Westminster Policy News & Legislative Analysis

Sussex NHS warns end-of-life bed demand could limit winter care

An internal Sussex NHS briefing has warned that rising numbers of patients requiring end-of-life care are occupying acute beds and could constrain the level of treatment delivered this winter. In a recording heard by the BBC, a University Hospitals Sussex consultant described how some patients are receiving palliative care in accident and emergency corridors amid severe bed pressures.

The remarks were made on 4 November during an online meeting of regional leaders from University Hospitals Sussex NHS Trust and East Sussex Healthcare NHS Trust, joined by community health representatives. Presenting ‘Palliative and End of Life Care in Sussex’, the consultant outlined dilemmas facing managers when hospice places are unavailable and community support is uncertain.

The consultant said teams were ‘no longer putting patients on the waiting list for transfer who are just straightforward dying’, prioritising those with complex needs. On enhanced palliative care in A&E, she described the choice facing clinicians: admit for corridor care or turn the patient around to an ambulance knowing they could die on the way home. She added that many patients in hospital did not need to be there, while others with complex needs had gaps in provision.

She cautioned that patients with treatable conditions might struggle to access timely admission because so many end-of-life patients are in hospital beds, concluding that ‘we’ve all known this crisis is coming’. University Hospitals Sussex covers sites including Worthing, the Royal Sussex County Hospital in Brighton, St Richard’s in Chichester and the Princess Royal in Haywards Heath.
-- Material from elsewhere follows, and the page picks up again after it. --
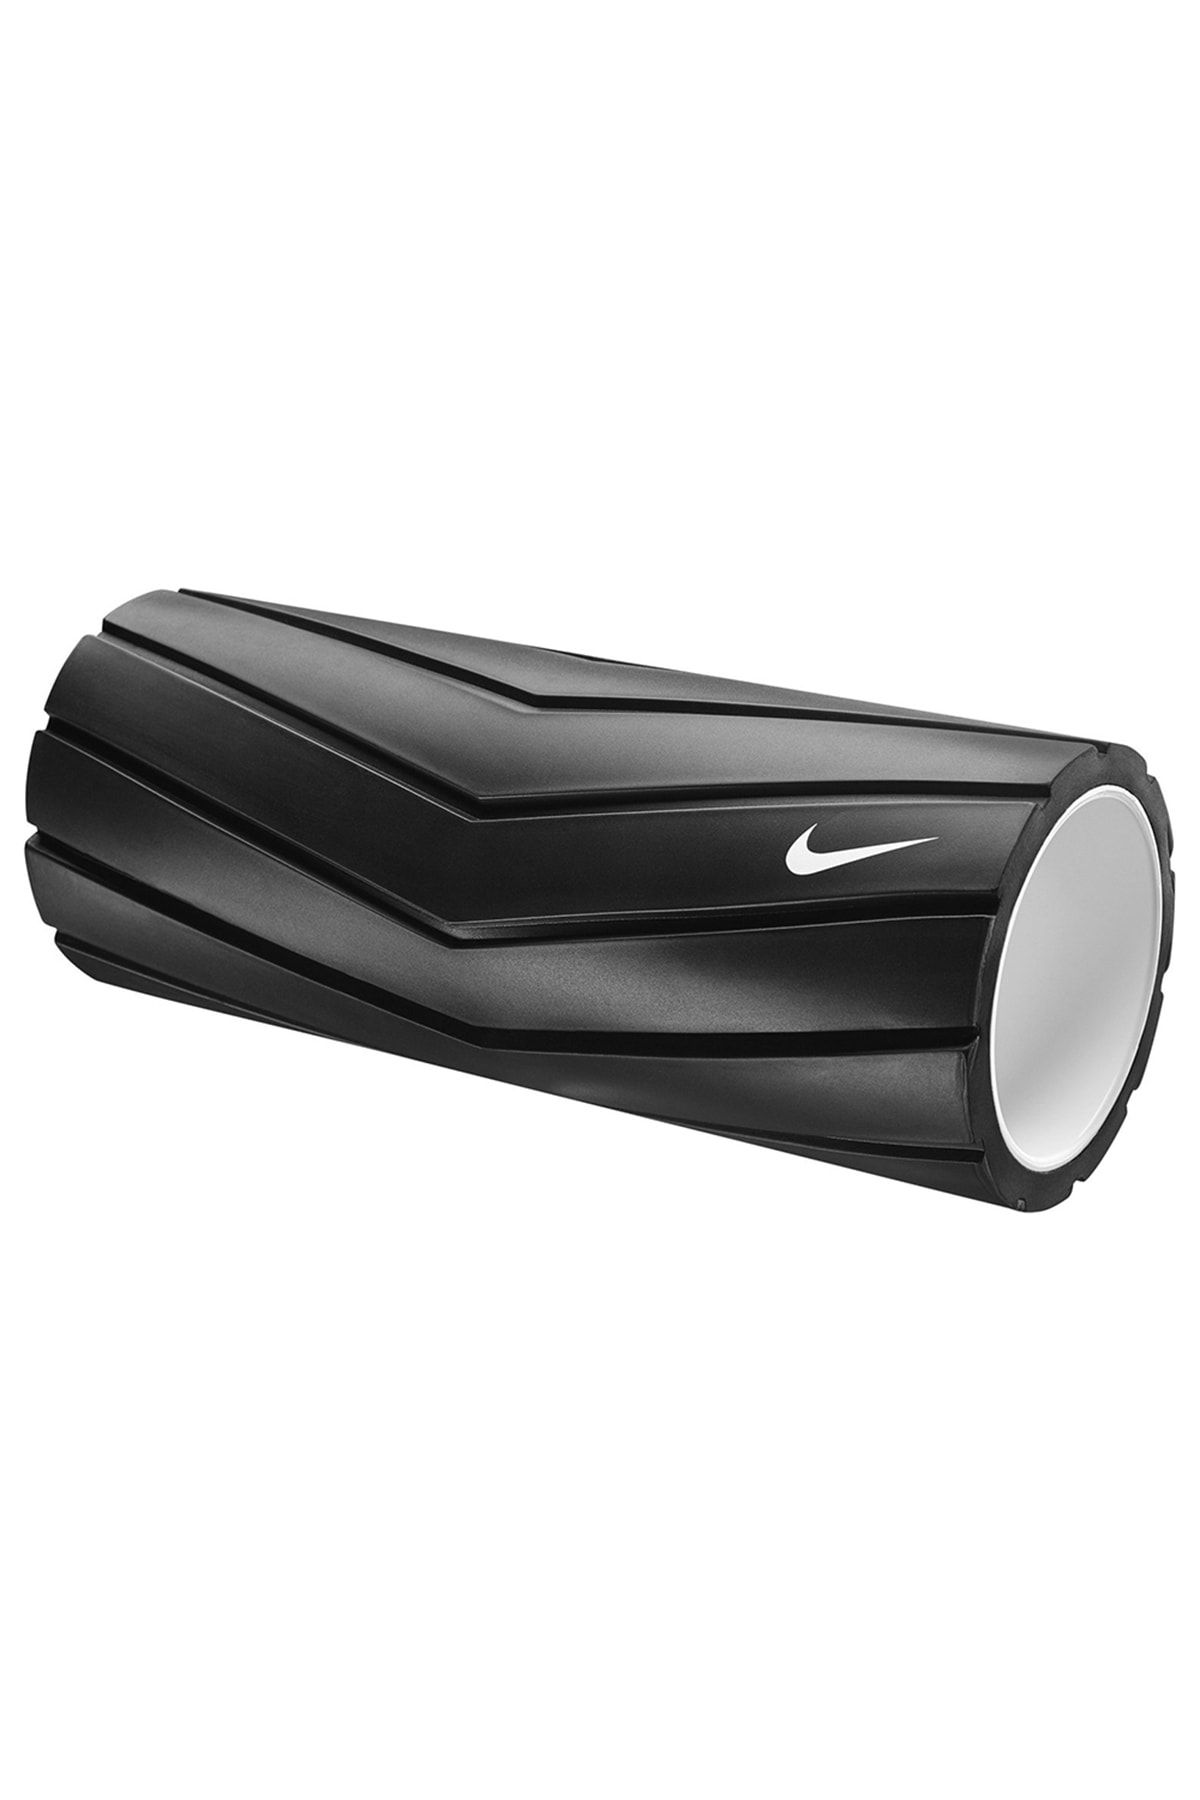 Nike N1000816-027 Recovery-yenilenme Foam Roller 32,5 Cm

A spokesperson for the NHS in Sussex said the system is committed to providing high-quality, person-centred palliative and end-of-life care across a range of settings, with an emphasis on out-of-hospital options such as community services and hospices. They acknowledged that emergency care services remain under significant pressure but said staff are working to ensure patients receive the care they need and that ‘robust partnership work’ is in place over the winter to support individual care plans and direct people to the right service.

The Royal College of Emergency Medicine said delayed discharges remain a major challenge and that limited social or community care means some patients needing end-of-life support cannot leave hospital. Its president, Dr Ian Higginson, said the college is worried about the number of people who end up in emergency departments and then wards because dedicated services are not available, noting that some who would prefer to be at home find themselves in corridors.

An NHS clinician who contacted the BBC said end-of-life care delivered in emergency departments, corridors and ambulances, or via unsupported discharges home, has become increasingly routine across multiple regions. They highlighted a recurring pattern of hospital beds occupied by dying patients who should be cared for elsewhere and limited or delayed access to hospice or community services.

The NHS Confederation, which represents health service leaders, said hospitals often become the default when community and social care are under pressure or unavailable. Rory Deighton, director of the Confederation’s acute network, said the solution requires investment across the whole system rather than asking hospitals alone to absorb further strain.

Hospice UK warned of a funding crisis in the sector. Chief executive Toby Porter said that while hospitals are appropriate for some people, most would not choose to die on a busy ward, and that hospices want to expand community provision but have had to cut back this year because of funding pressures, increasing knock-on effects for hospitals.

Policy Wire analysis: The testimony and official responses indicate a system-wide bottleneck around discharge and community capacity. Without reliable hospice places and funded community packages, acute teams face difficult choices in emergency departments and higher ward occupancy, with likely consequences for elective recovery and urgent care flow through the peak winter period.